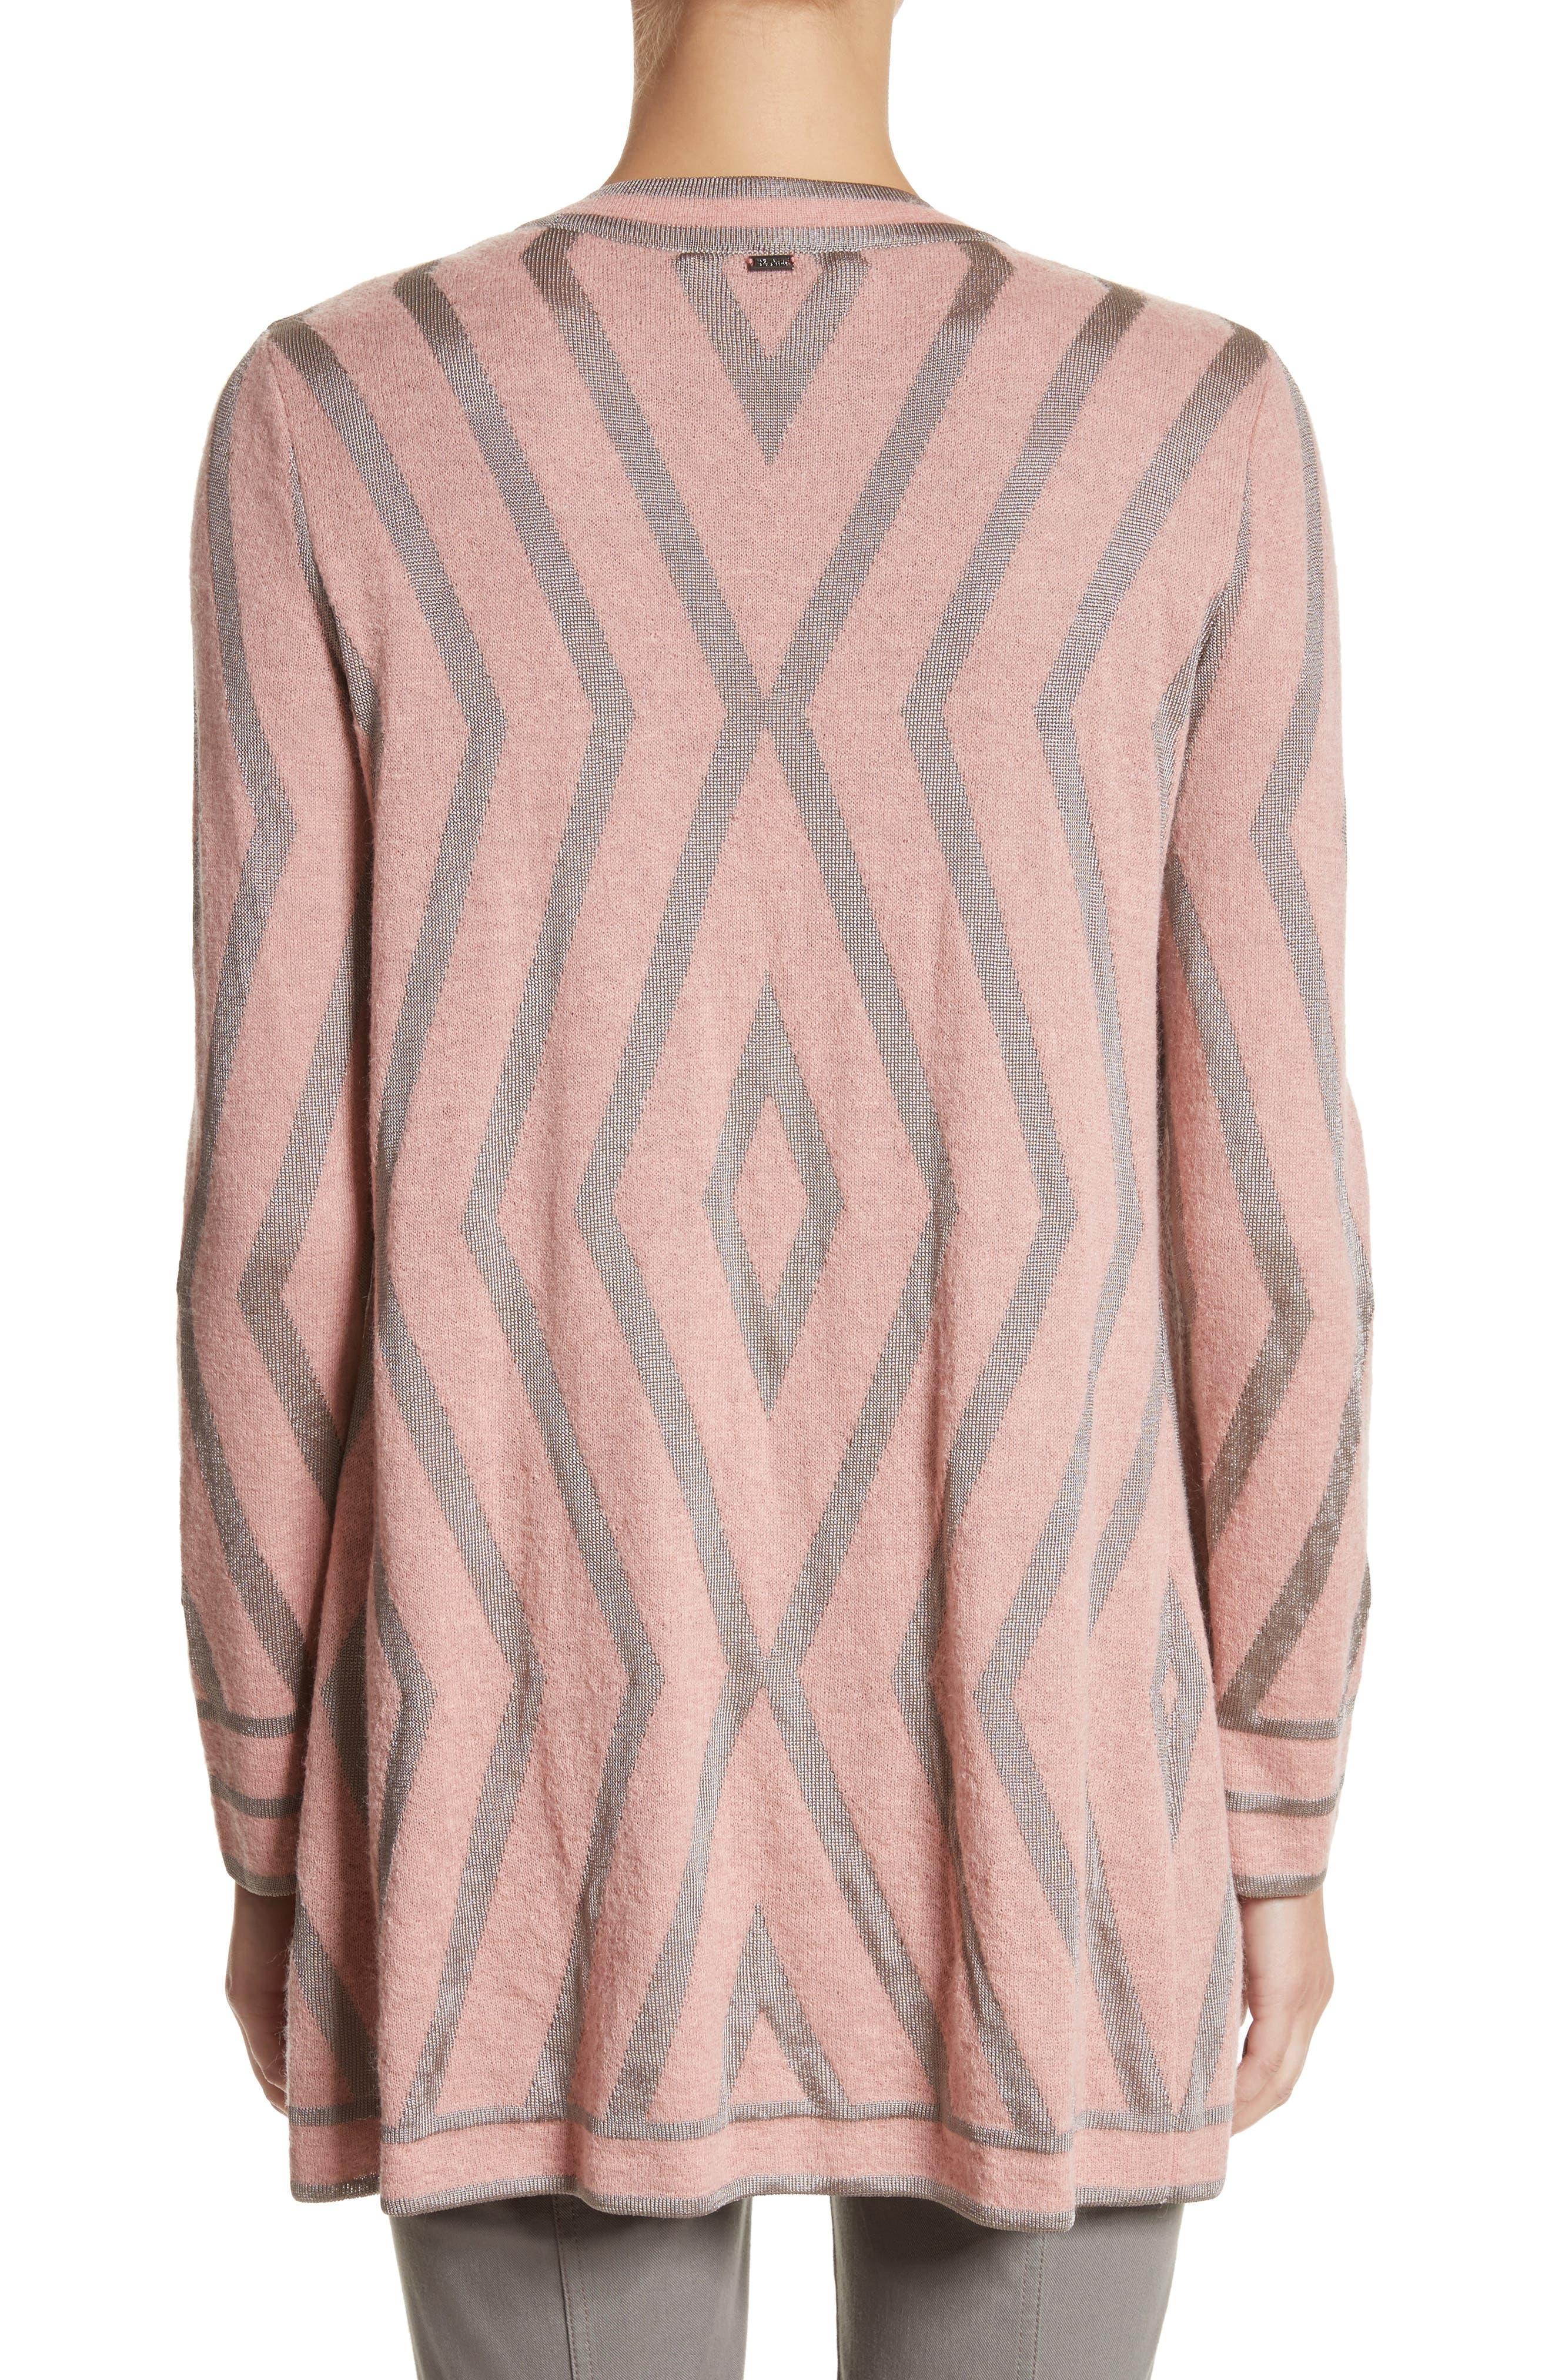 Alternate Image 2  - St. John Collection Matte Shine Geo Jacquard Knit Cardigan
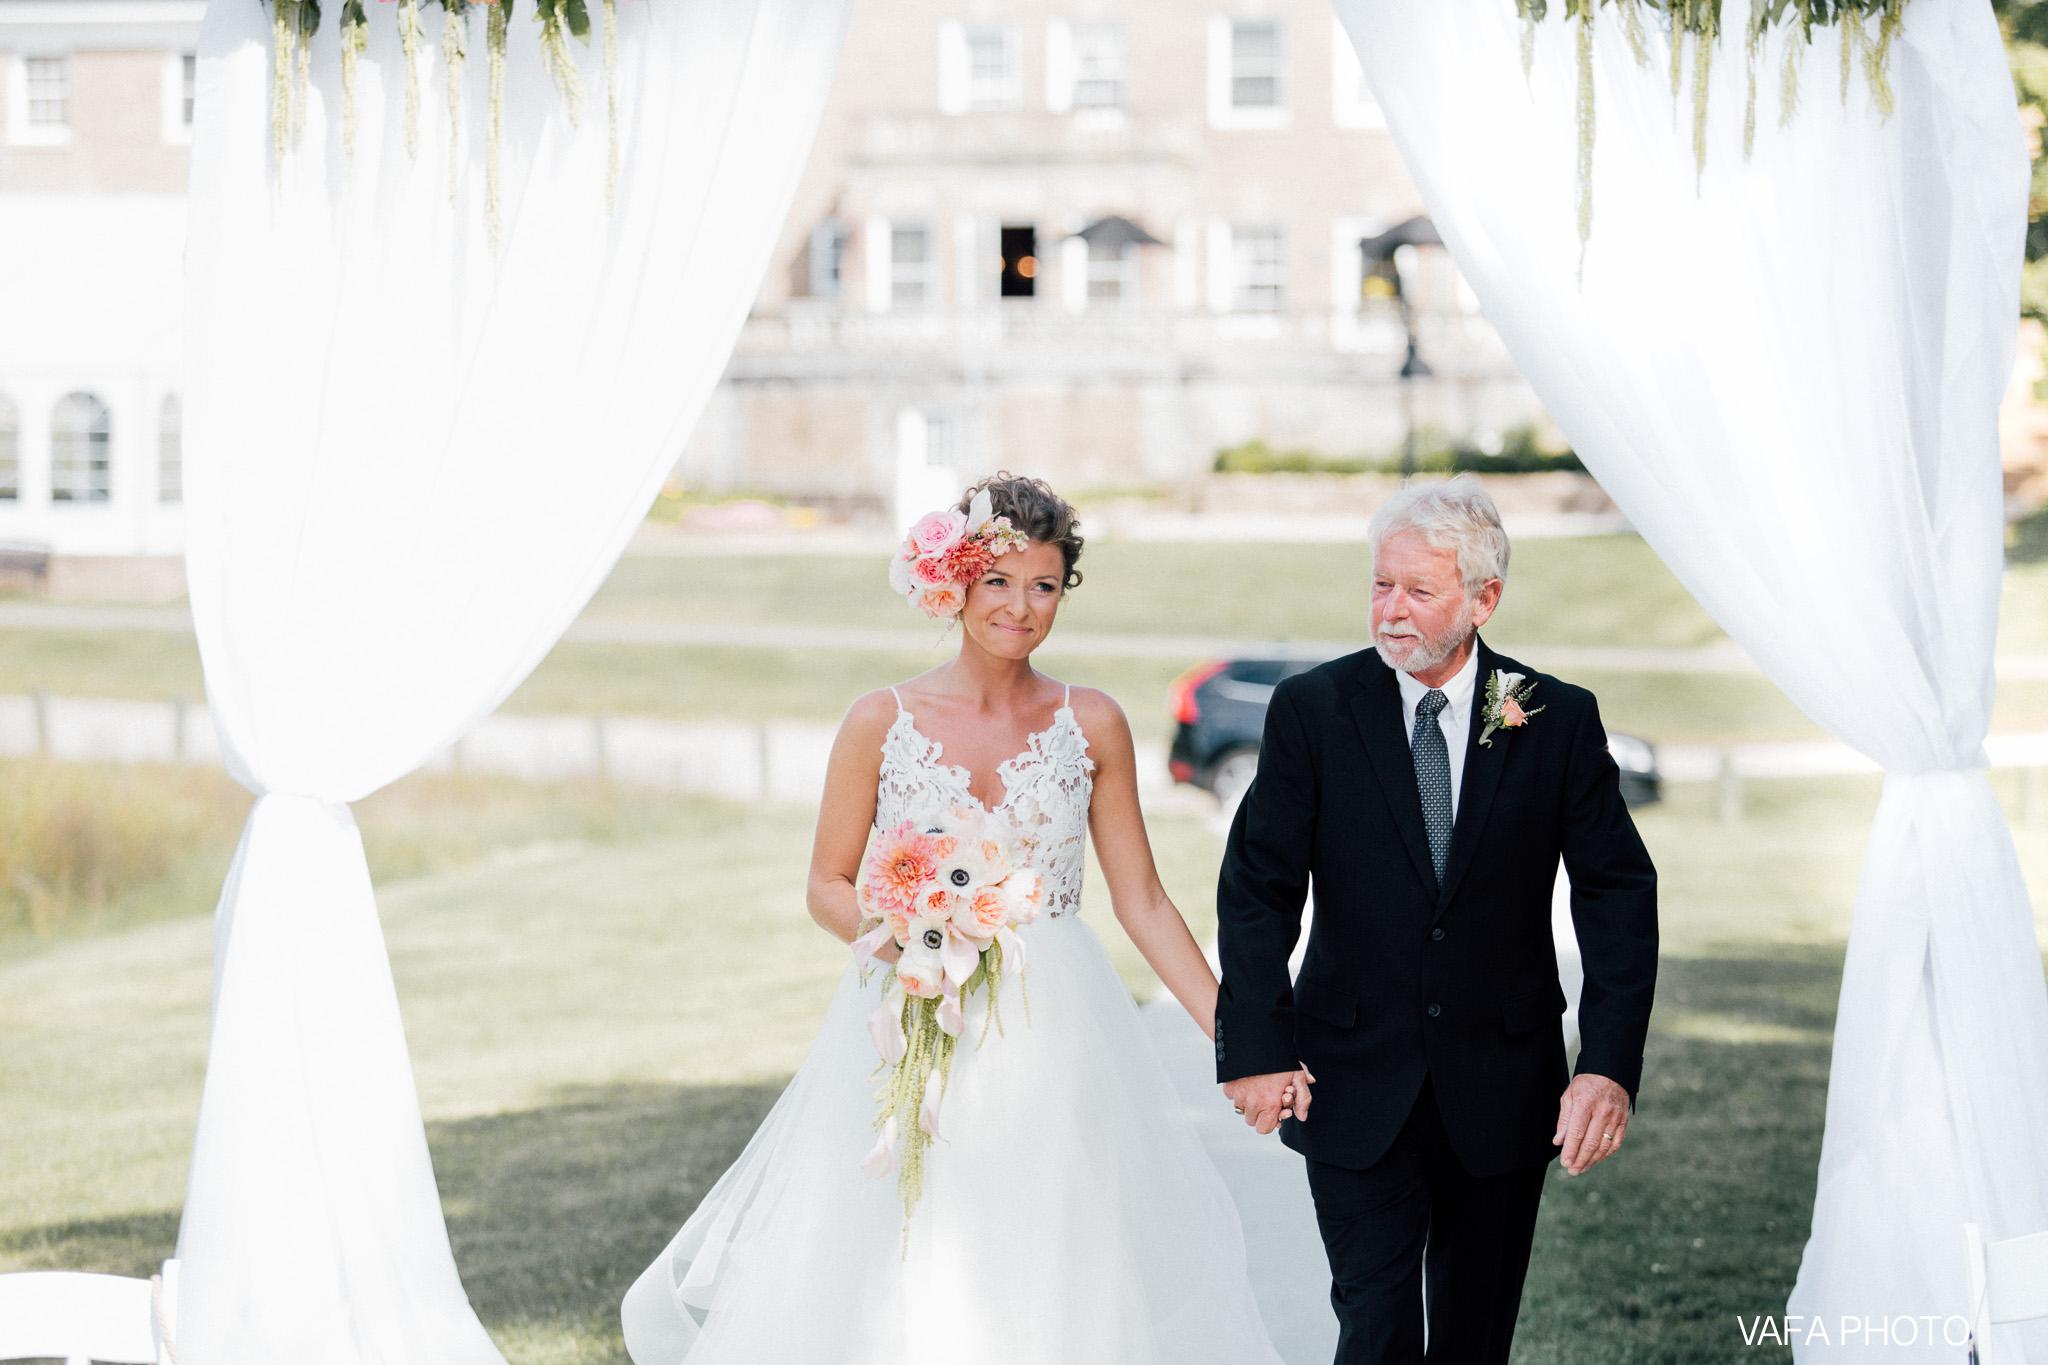 The-Felt-Estate-Wedding-Kailie-David-Vafa-Photo-306.jpg
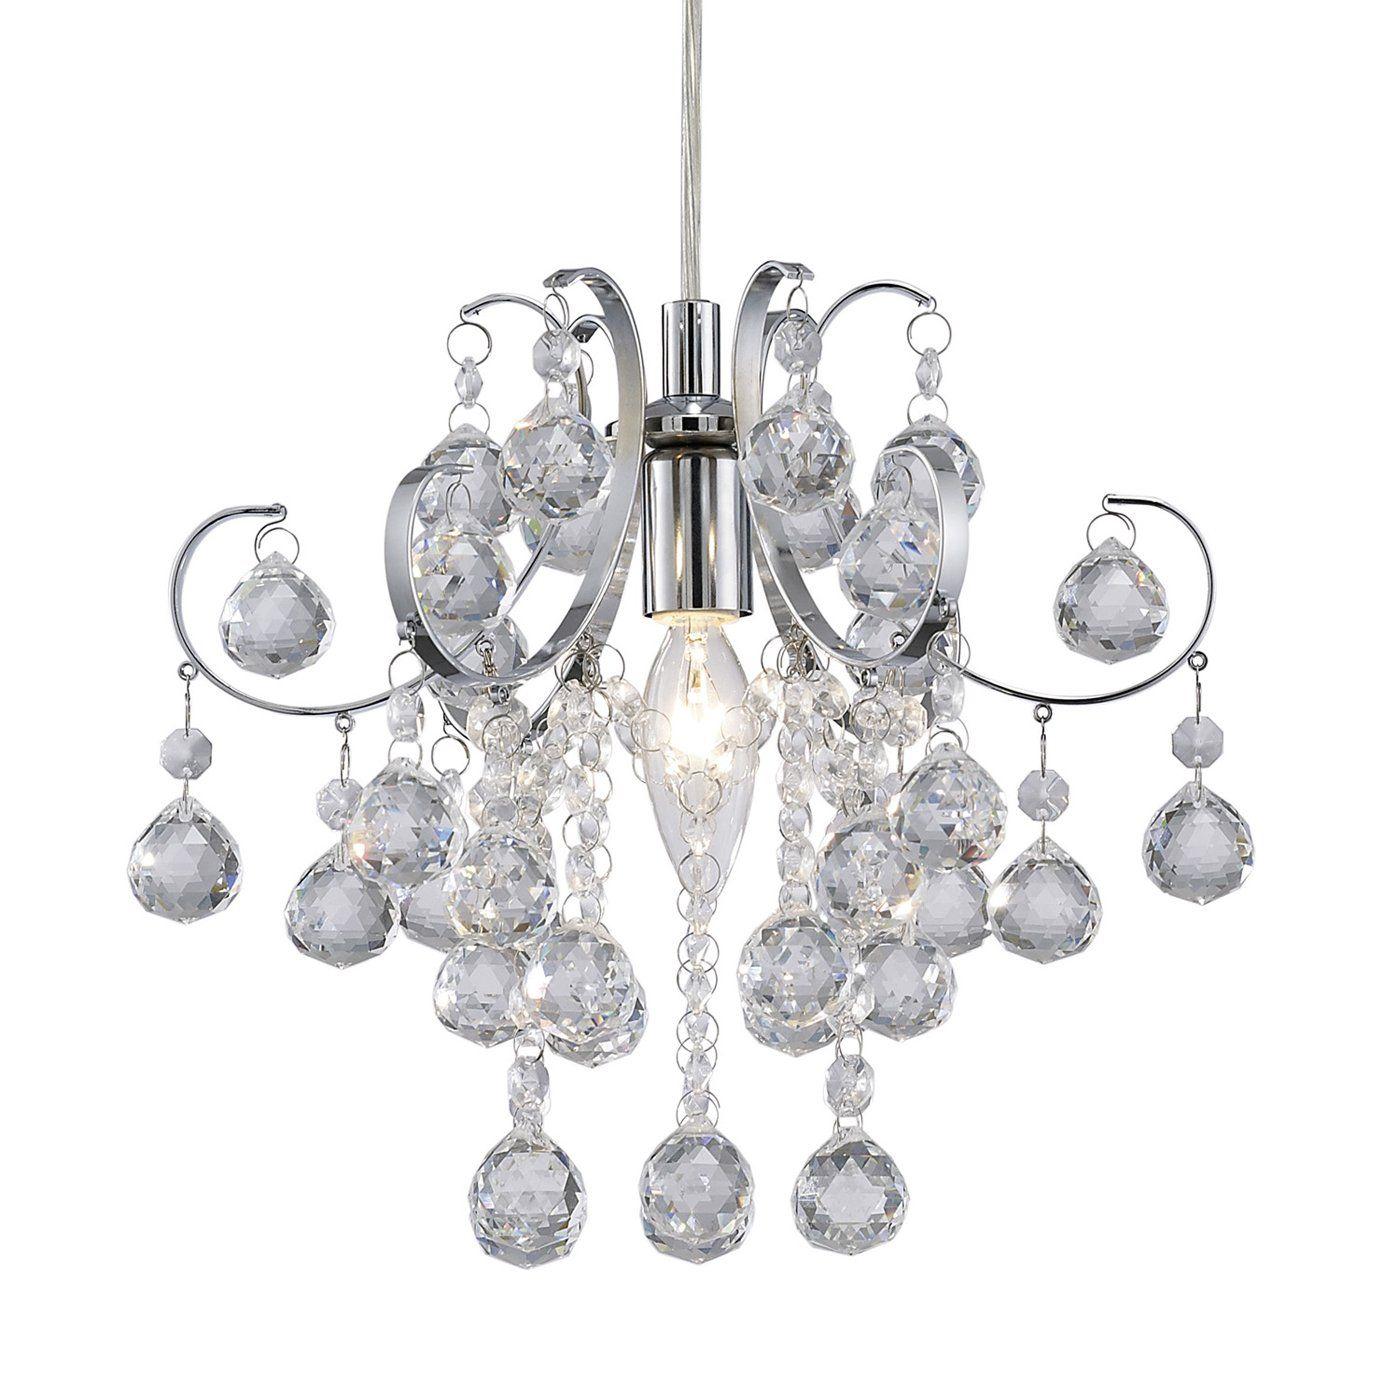 Canarm ipl174b01ch 1 light tessa mini chandelier thats what im canarm ipl174b01ch 1 light tessa mini chandelier thats what im talkin about arubaitofo Choice Image

· · ·

- _TASK TO CARRY OUT_
Copy out the material word for word, without any images.

- _RESULT OF THIS EXERCISE_
 Alternate Image 2  - St. John Collection Matte Shine Geo Jacquard Knit Cardigan
 The-Felt-Estate-Wedding-Kailie-David-Vafa-Photo-306.jpg
 Canarm ipl174b01ch 1 light tessa mini chandelier thats what im canarm ipl174b01ch 1 light tessa mini chandelier thats what im talkin about arubaitofo Choice Image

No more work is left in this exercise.